Write back, word for word, the lines from the one containing "Vector cartoon drawing" to the end of the listing below. Include nothing else, and no pictures.

:: Given data

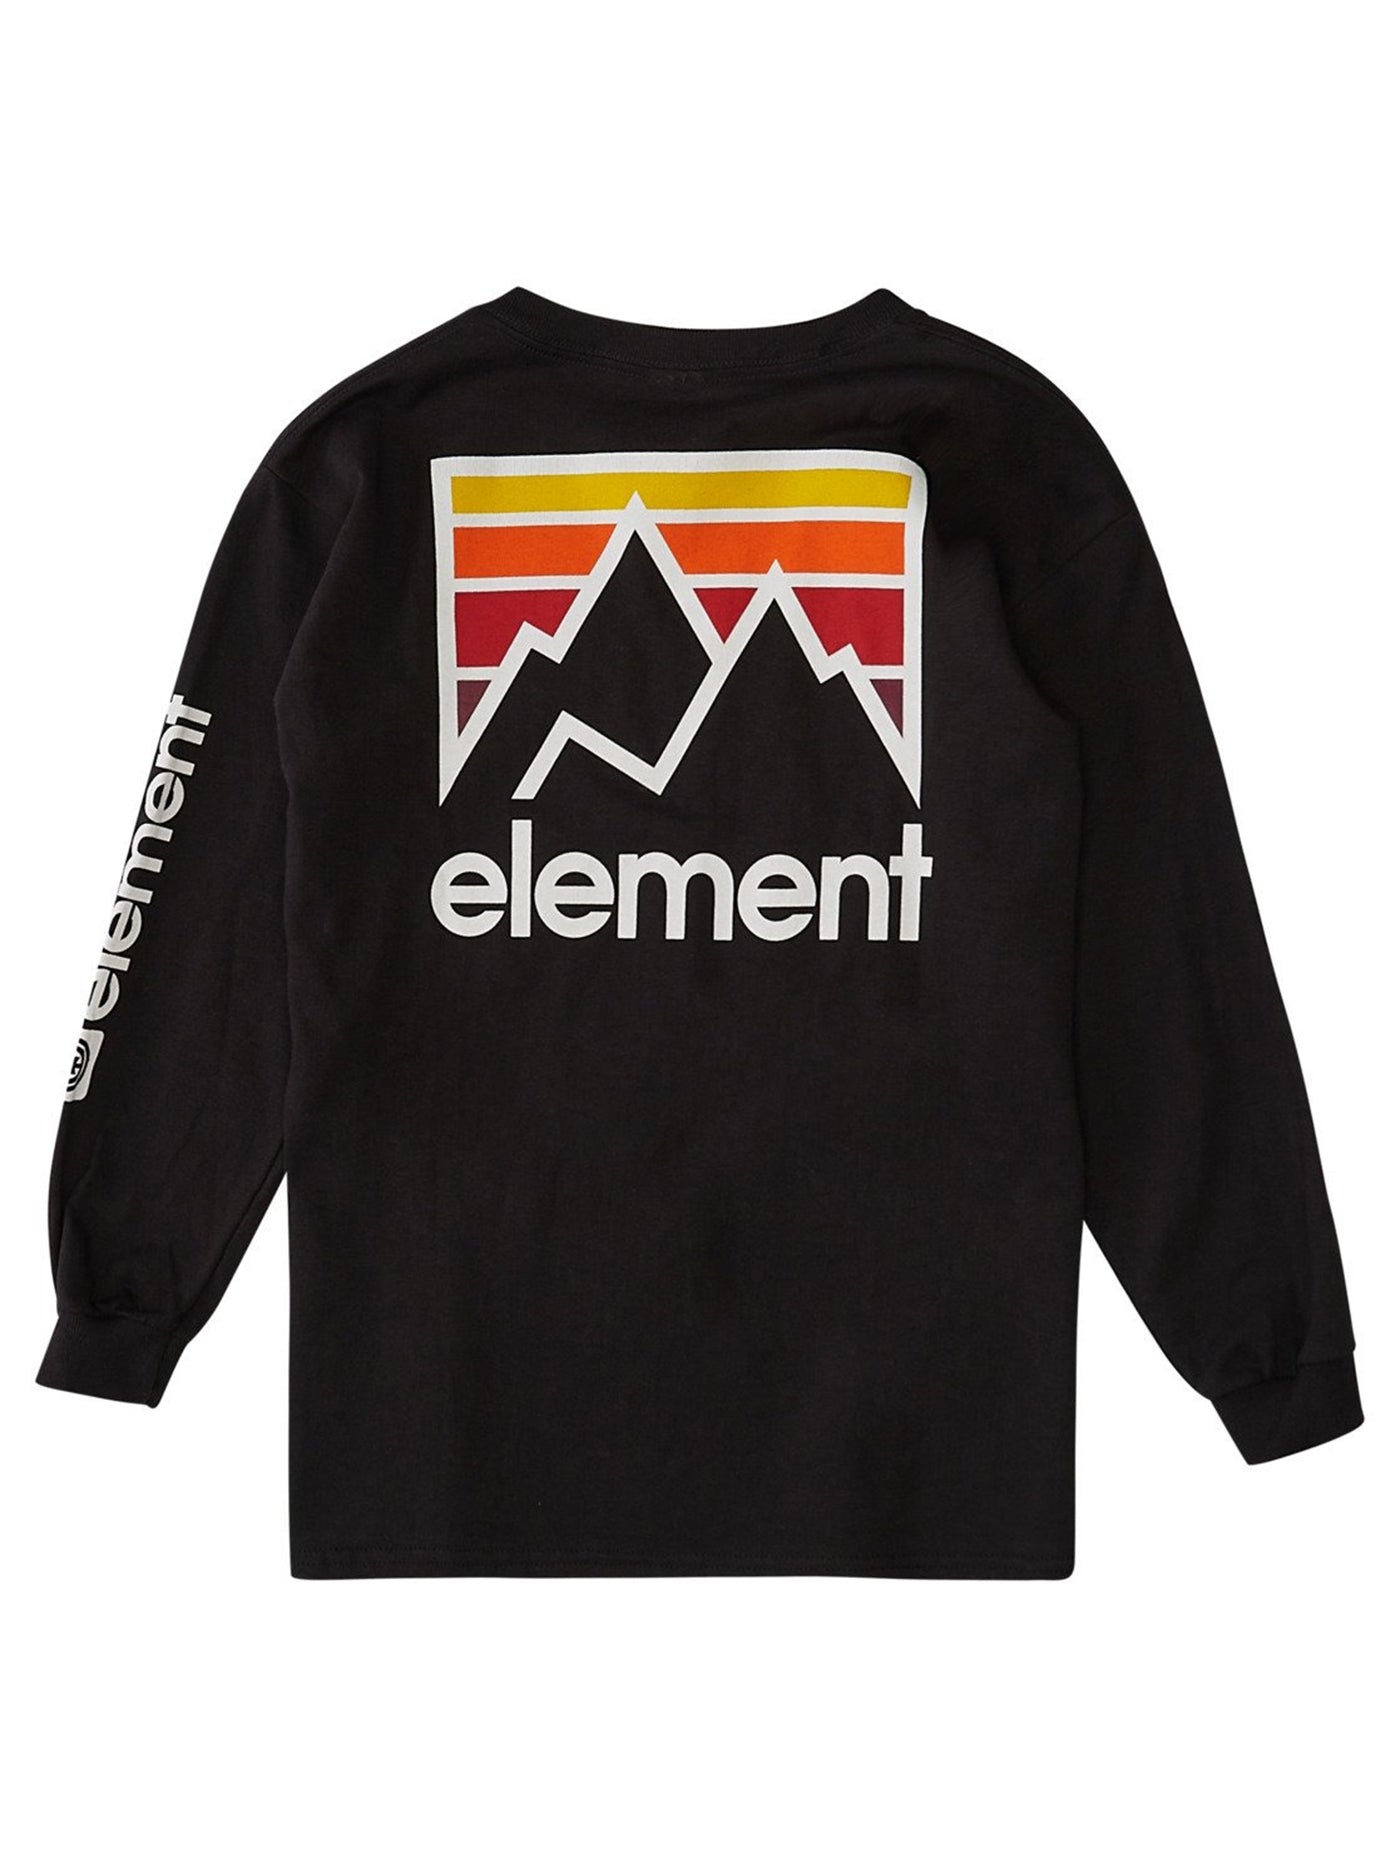 Element Joint Long Sleeve T-Shirt
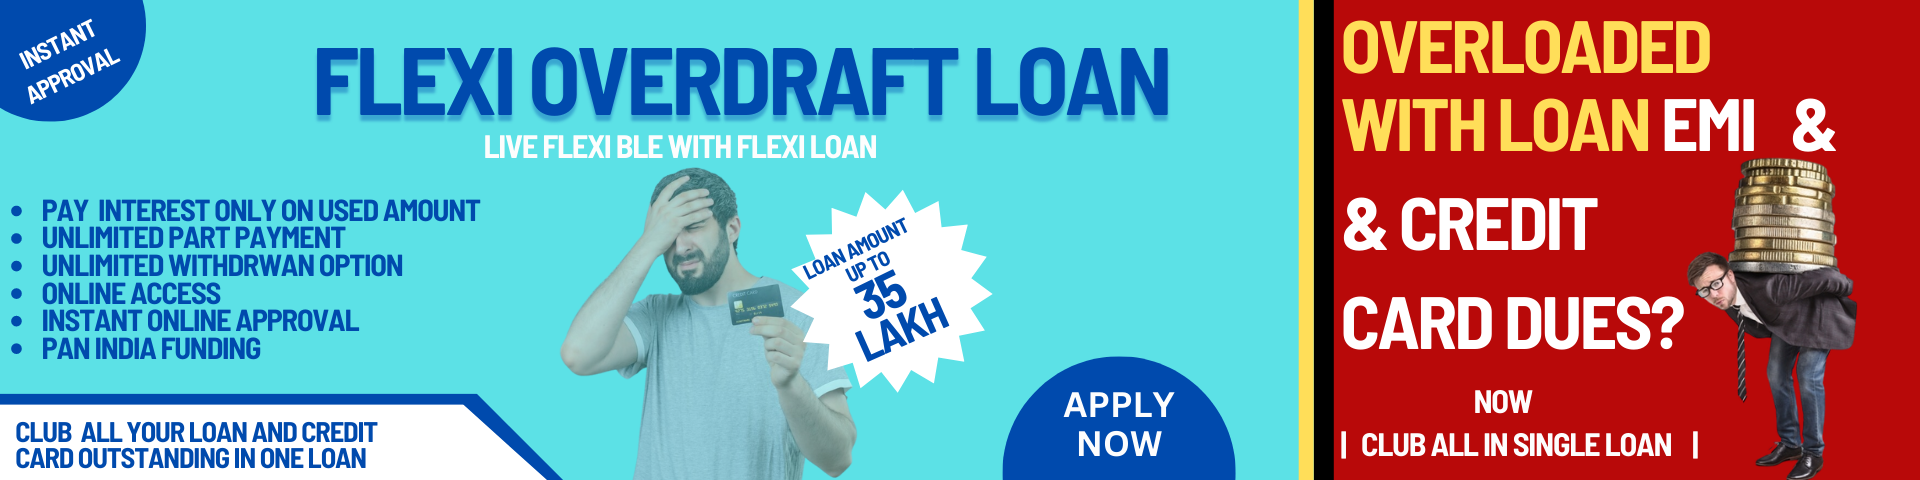 apply flexi loan ovardraft at lowest rate
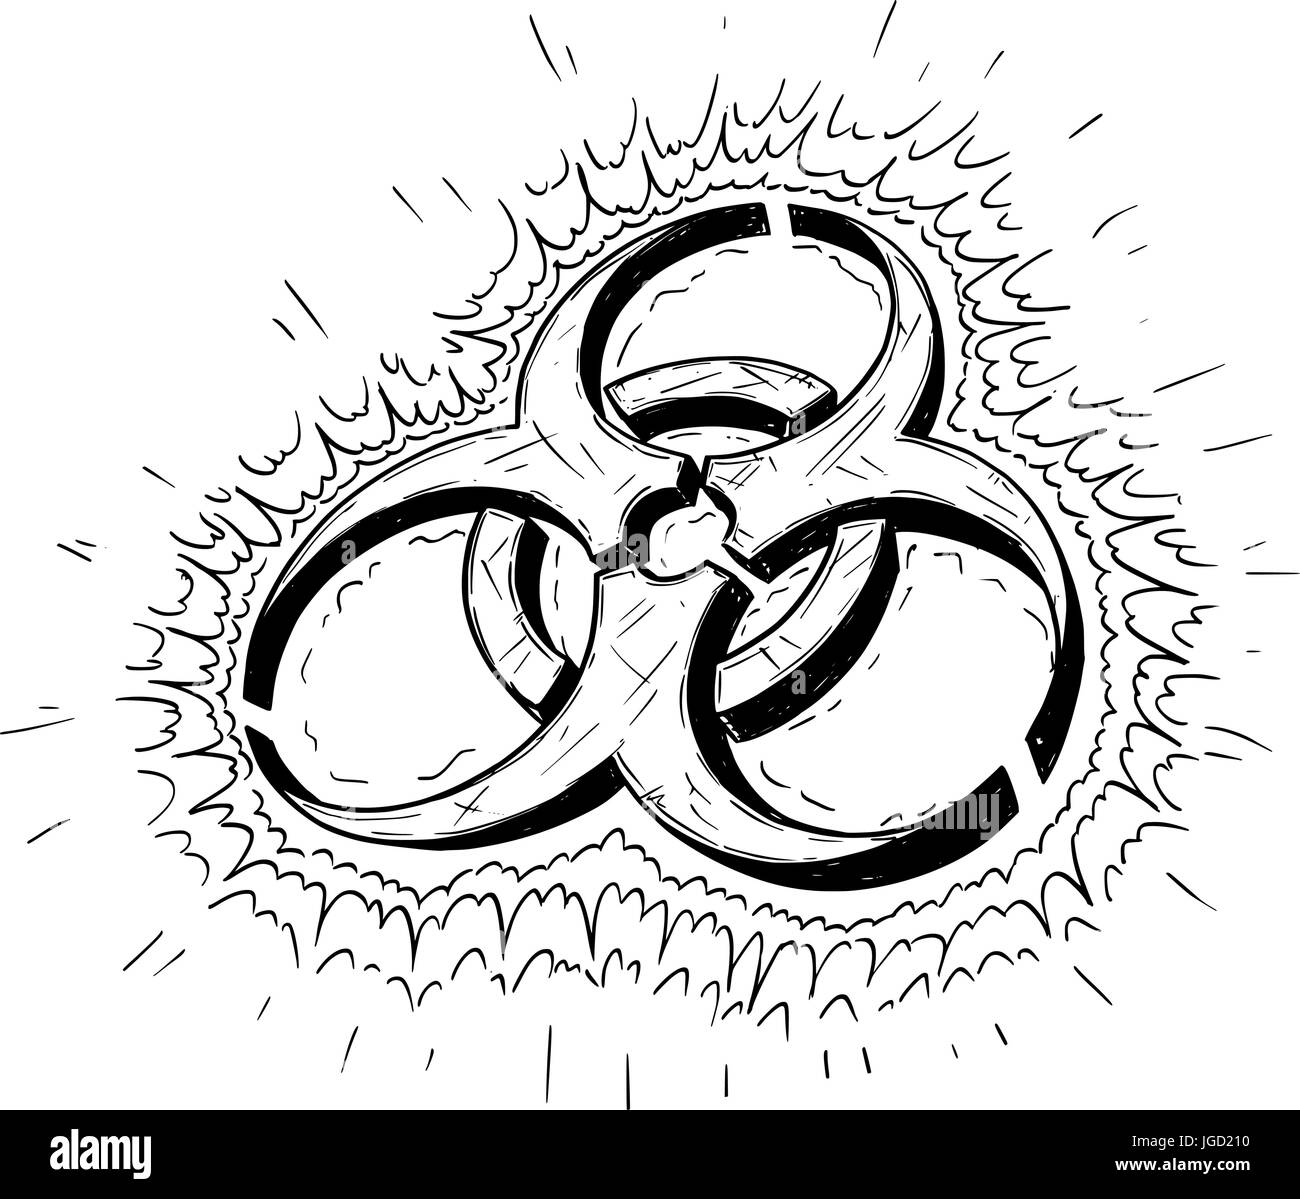 Vector cartoon drawing illustration of biohazard symbol Stock Vector
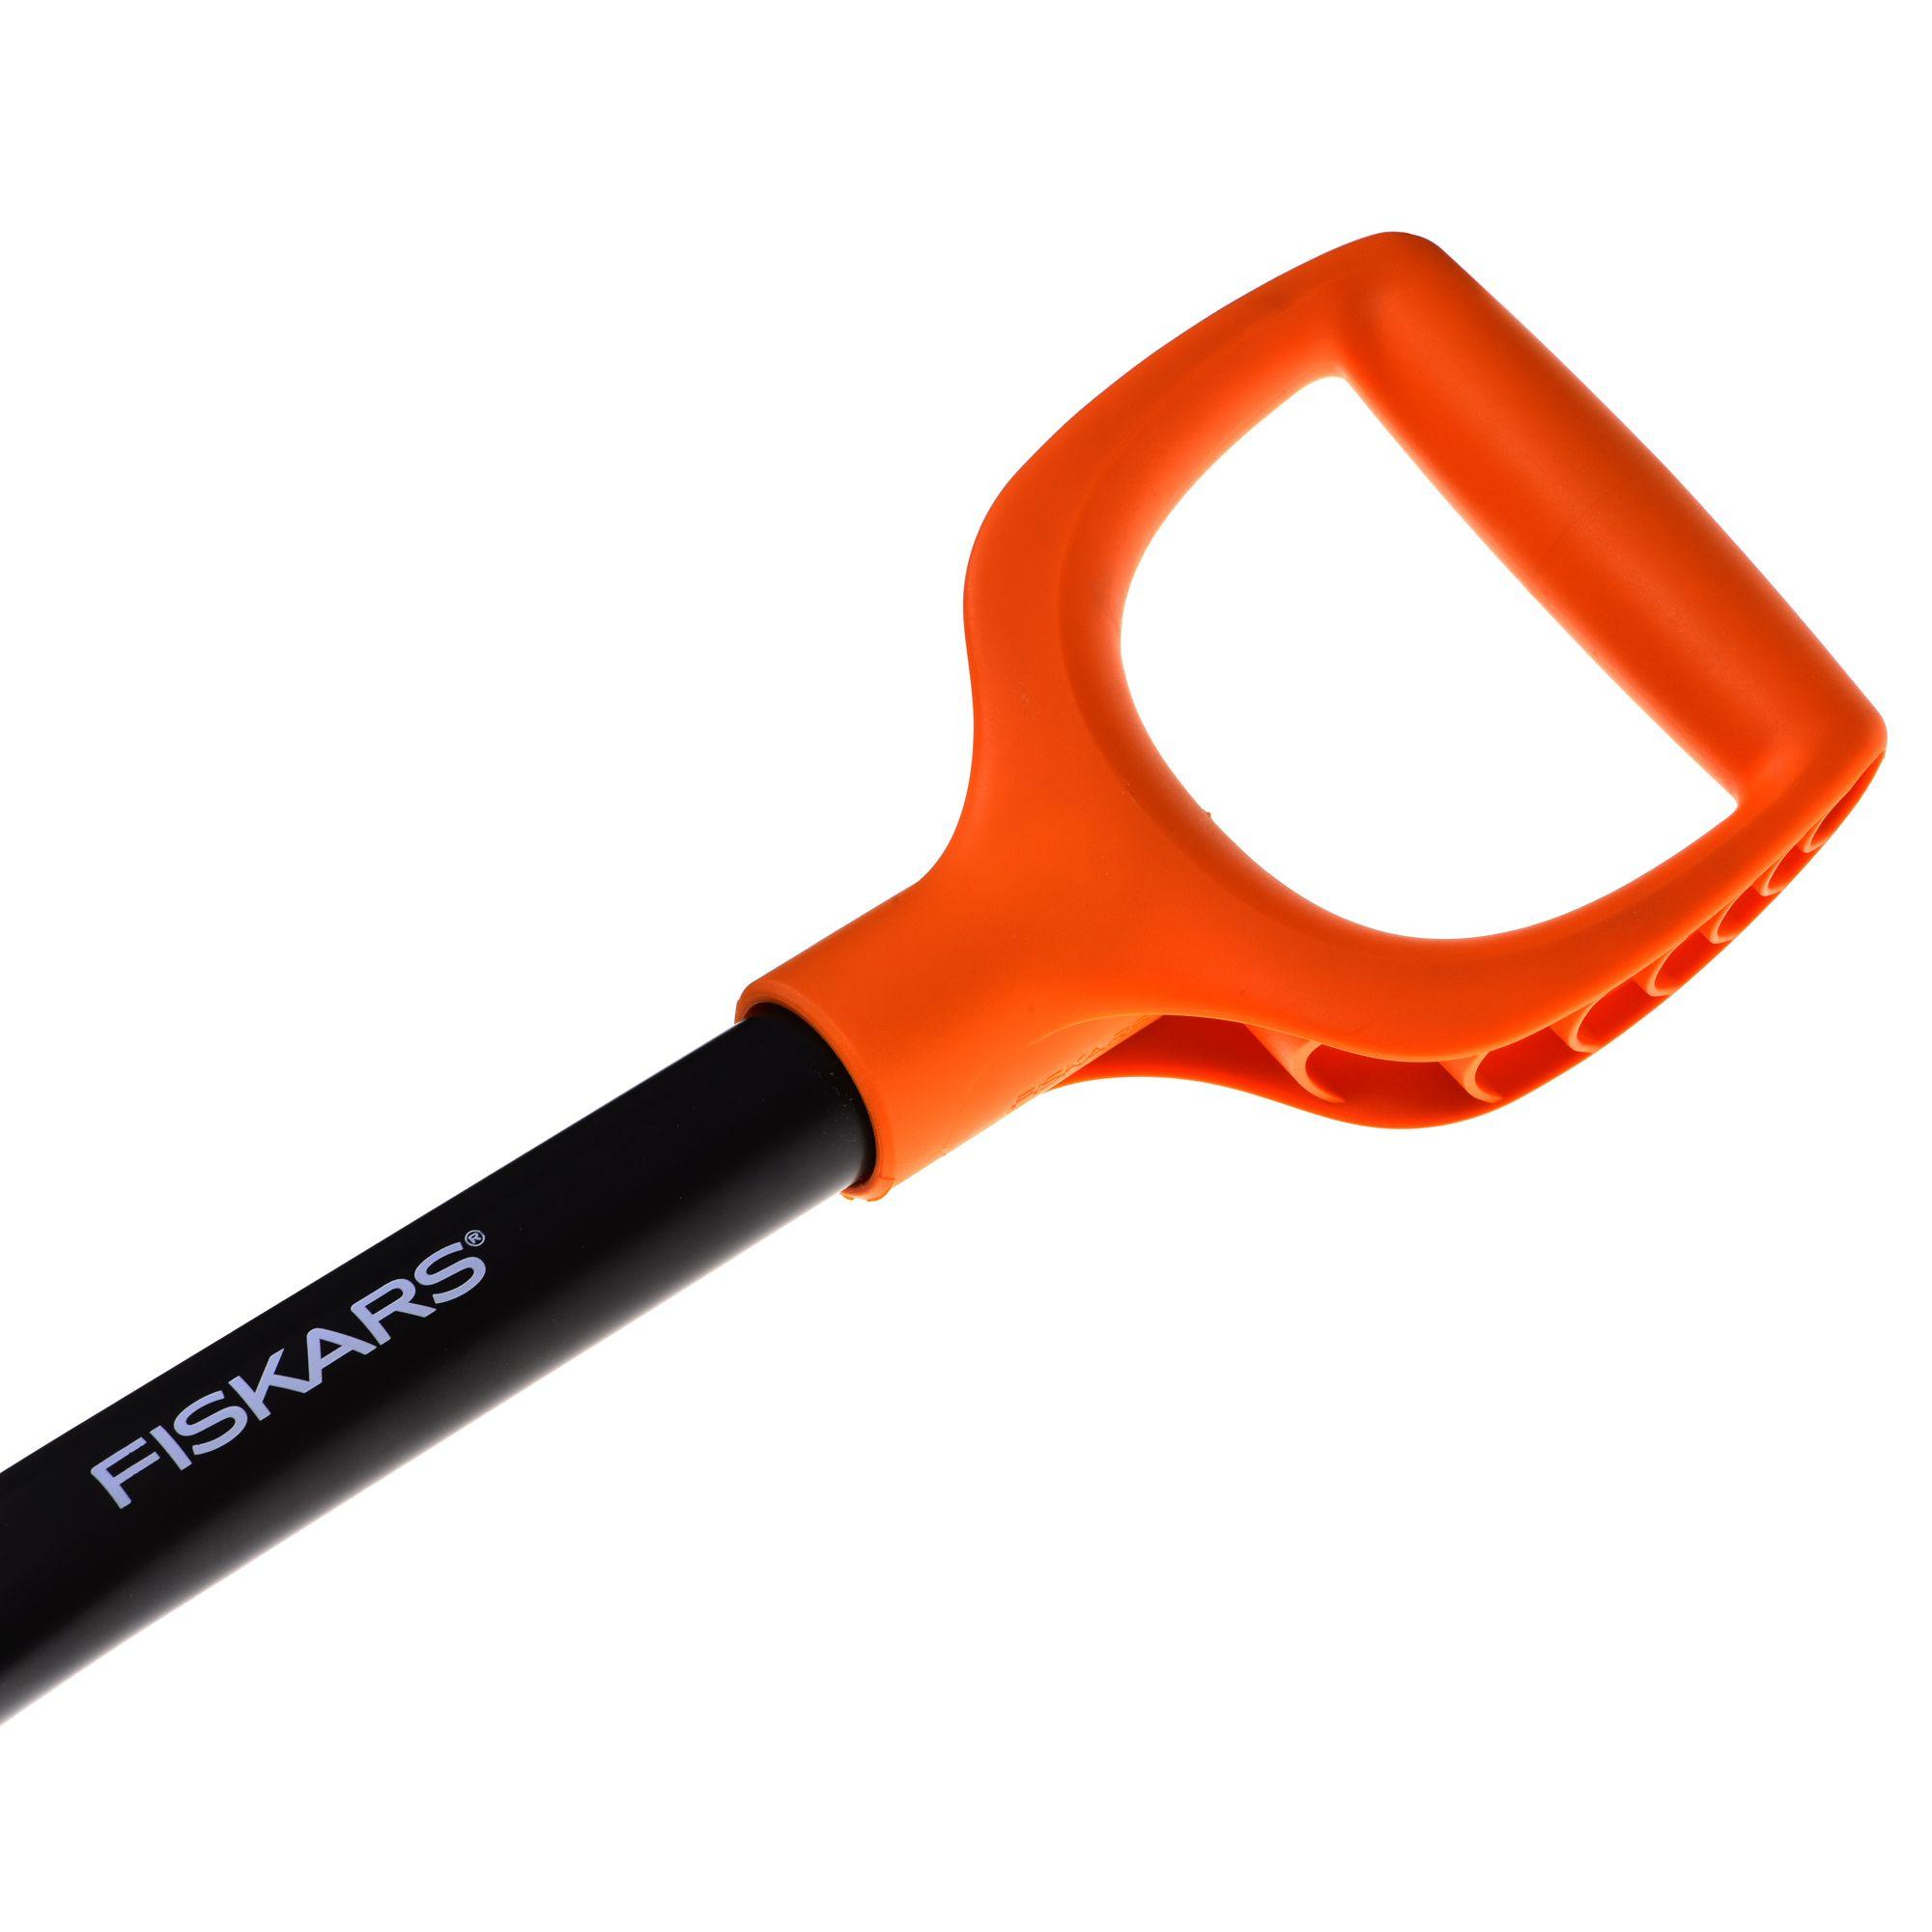 Fiskars 1014809 shovel/trowel Garden trowel Plastic,Steel Black,Orange

::::

• [Written reply]
 Vector cartoon drawing illustration of biohazard symbol Stock Vector
 Fiskars 1014809 shovel/trowel Garden trowel Plastic,Steel Black,Orange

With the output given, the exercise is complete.